# Sharon From Malaysia



## sharoncheongmy (Jul 8, 2009)

Hi.. just a brief intro bout myself. I'm Sharon (My full name Sharon Cheong Mei Yen) from Seremban, Malaysia. I'm turning 26 this coming August. What i do in my life? I'm an insect dealer. I supply Malaysian insects to dealers from the US and Europe countries. I'm not a breeder. I sell phasmid eggs and mantis ooths when they become available.

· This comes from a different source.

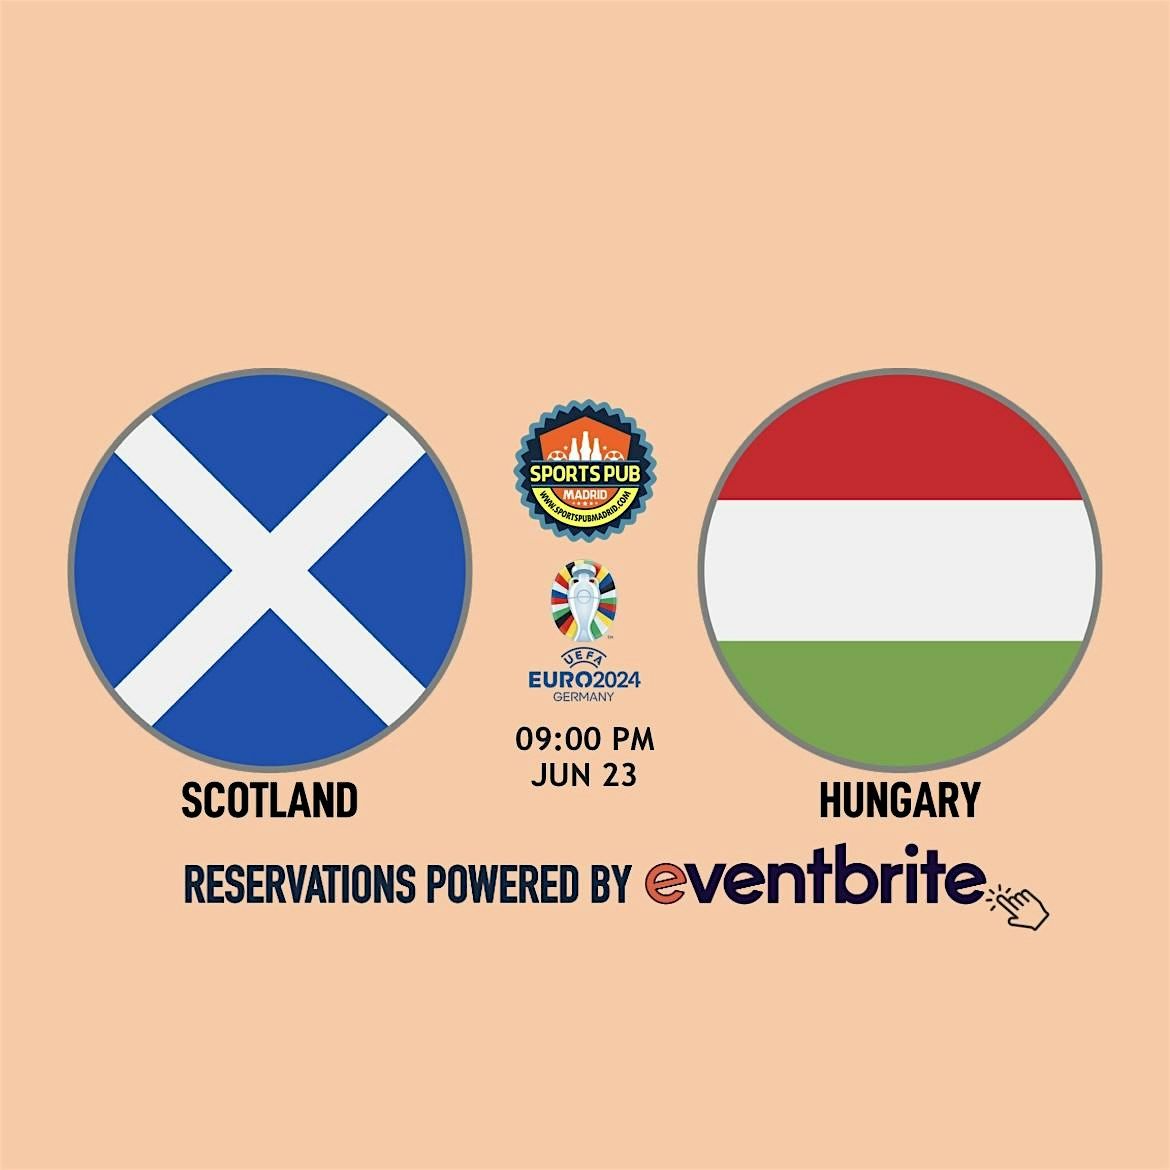 Escocia v Hungria | Eurocopa 2024 - Sports Pub Madrid | Malasa\u00f1a

I'm also helping my friend with his website. We sell insect related products. Welcome to pay a visit at http://my-bugs.com Thank you very much! Best wishes to all.  

Best regards,

Sharon Cheong

190A, Jalan Seng Meng Lee,

70200 Seremban,

Negeri Sembilan,

Malaysia.

Email : [email protected]


----------



## gadunka888 (Jul 8, 2009)

welcom to the forum! i live in singapore! which part of malaysia do you live in?


----------



## Katnapper (Jul 8, 2009)

Hello, Sharon, and welcome to the forum.... nice to have you here.


----------



## Rick (Jul 8, 2009)

There you go. Welcome.


----------



## ismart (Jul 8, 2009)

Welcome to the forum  .


----------



## agent A (Jul 8, 2009)

Welcome to the forum FROM CONNECTICUT


----------



## revmdn (Jul 8, 2009)

Welcome.


----------



## [email protected] (Jul 8, 2009)

Welcome from florida.


----------



## Emile.Wilson (Jul 8, 2009)

Welcome


----------